This week sees the 5th Anniversary of the COP21 Paris Climate Agreement.

So far, despite noble words, ambitious commitments, and powerful speeches, carbon emissions have continued to increase, not fall.  Various activist groups marked the date with local and global campaigns, especially focussing on shale gas/fracking.

Real Media joined the launch of Plastics Rebellion outside the unmarked HQ of the huge chemical conglomerate Ineos which has been one of the main players in the dash for fracking rights in the UK over the past decade.

We met up with Joe Corré, a businessman who fought hard against fracking – he was founder of the Talk Fracking campaign, and offered support to many local anti-fracking groups around the country. He recently won his appeal court case against Ineos’ billionaire boss Jim Ratcliffe, retrieving huge costs after a legal battle against Ratcliffe’s attempt to silence protest by injunction.

Corré has always suspected that the story the government put out, that fracking was about securing the UK’s energy supplies, was dubious. And after a decade of campaigns, culminating in a UK moratorium last November, it looks like he was right. Ratcliffe’s company built a huge factory complex in Grangemouth, Scotland, which receives fracked shale gas direct from Pennsylvania, not for energy, but to create plastic packaging.

Plastics Rebellion held their small socially distanced protest with some banners, singers, a small samba band, and speakers, outside the Ineos HQ. They are calling for a massive reduction in our use of plastics, a swift end to manufacture of non-essential plastics, and a fully legislative, fully informed Citizen’s Assembly on Plastics to decide on what plastics are essential, how plastic waste should be managed, and how we can manage a just transition for the industry.

But after just 15 minutes, police were citing coronavirus legislation as a reason to disrupt and close down the action. Campaigners claimed that they were covered by exemption 14 which (in order to comply with UK human rights law) allows political protest of up to 30 people, as long as a full risk assessment has been drawn up and people are abiding by it.
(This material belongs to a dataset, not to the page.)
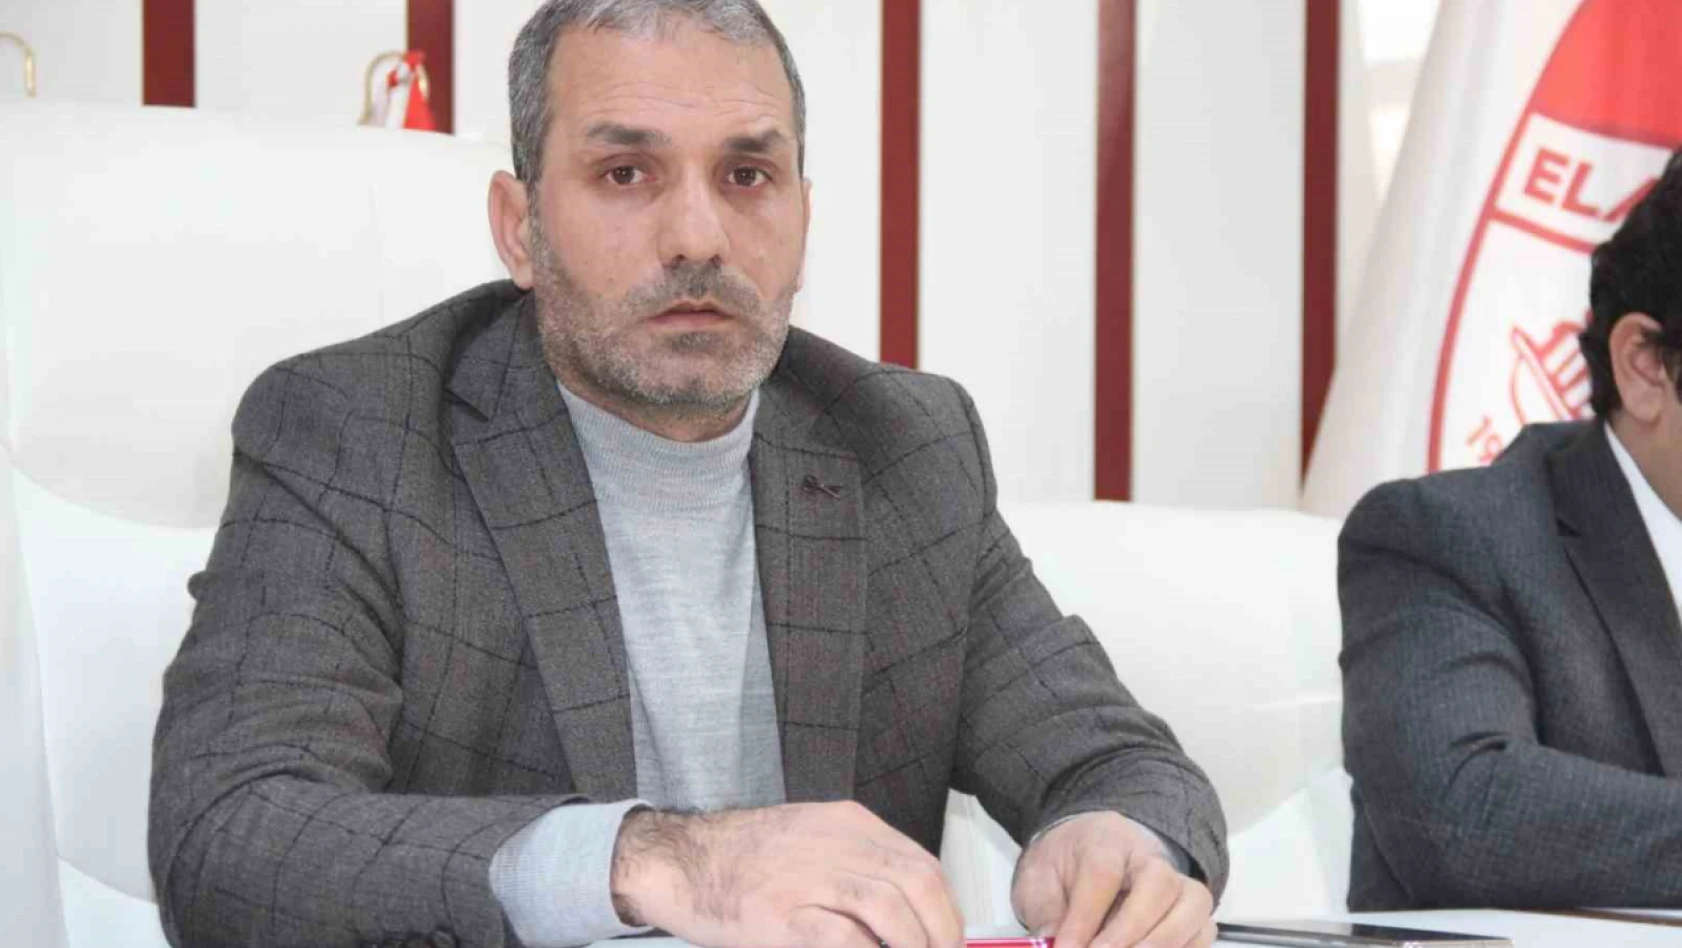 Elazığspor Başkanı Serkan Çayır'a başarılı operasyon
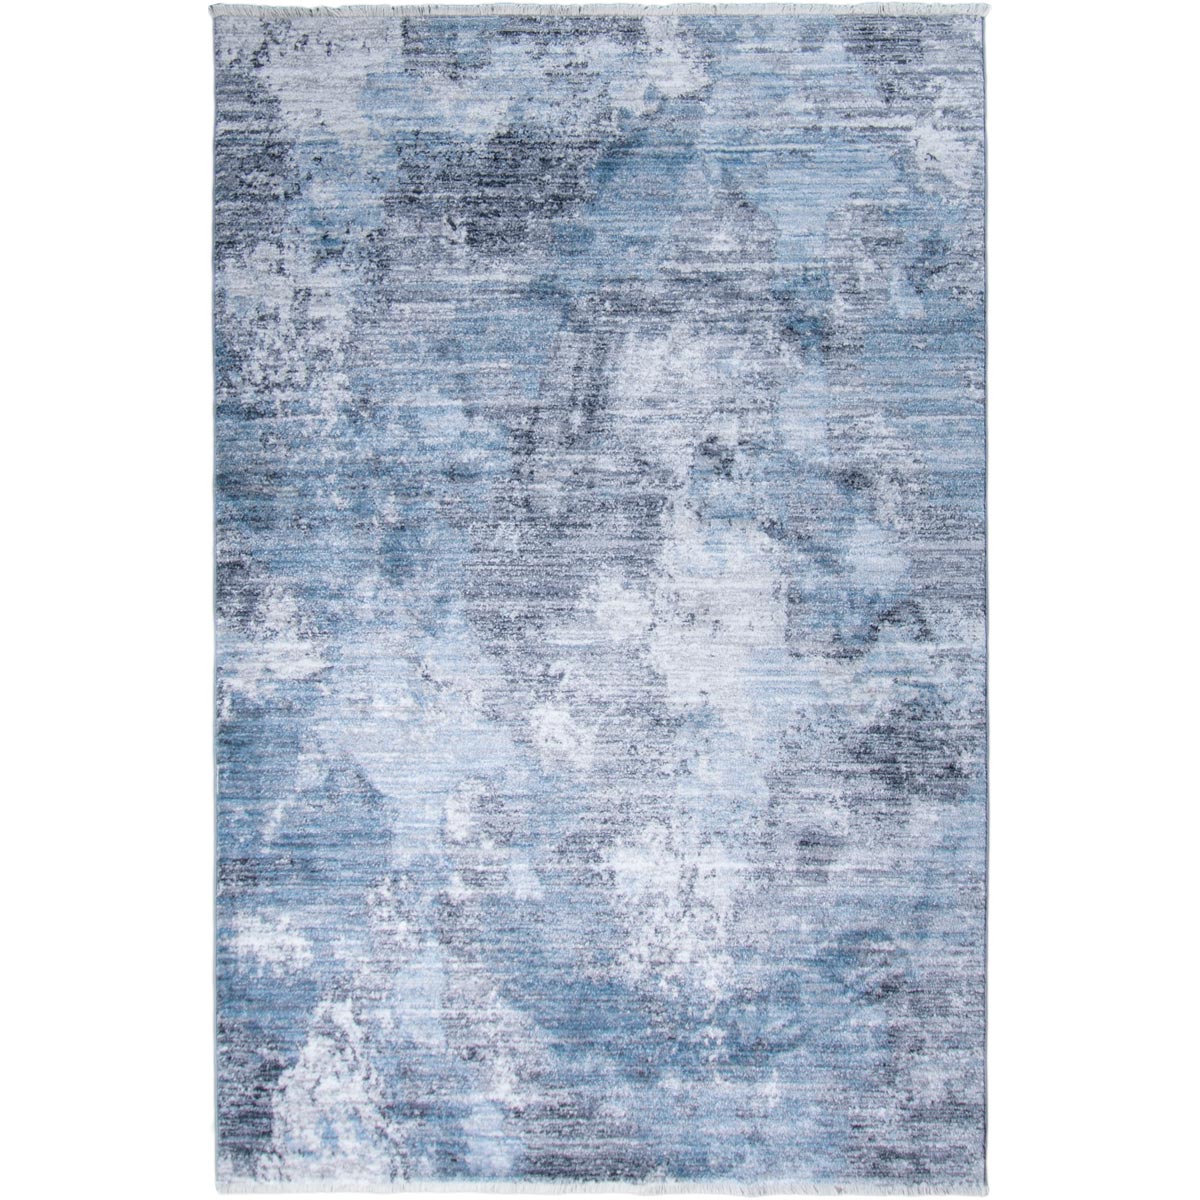 שטיח איסטנבול 06 כחול כהה/אפור כהה עם פרנזים | השטיח האדום

But the Metropolitan force and City of London police have both started claiming that they are not able to judge assessments on the street, and will ignore them unless the local authority has authorised them. A police liaison person acting for the campaigners told us that they had tried to get authorisation from the local authority but that no-one qualified was available and emails had not been responded to.

So far this interpretation of the legislation has not been tested in court, and with new coronavirus rules every few weeks, and prohibitive costs to mount judicial reviews, the effect in practice is a ban on protests, especially smaller socially distanced ones where police can easily intimidate people.

As part of the #ShaleMustFall day of action which saw protests across the world there was a further action later in the day organised by Frack Off London outside BP’s headquarters. BP’s subsidiary Pan American Energy is extracting shale gas in the Vaca Muerta region of Argentina. It’s described as a carbon timebomb, with oil and gas reserves estimated to amount to around 15% of the maximum carbon budget we’re allowed to burn globally in order to not exceed a 1.5º temperature increase.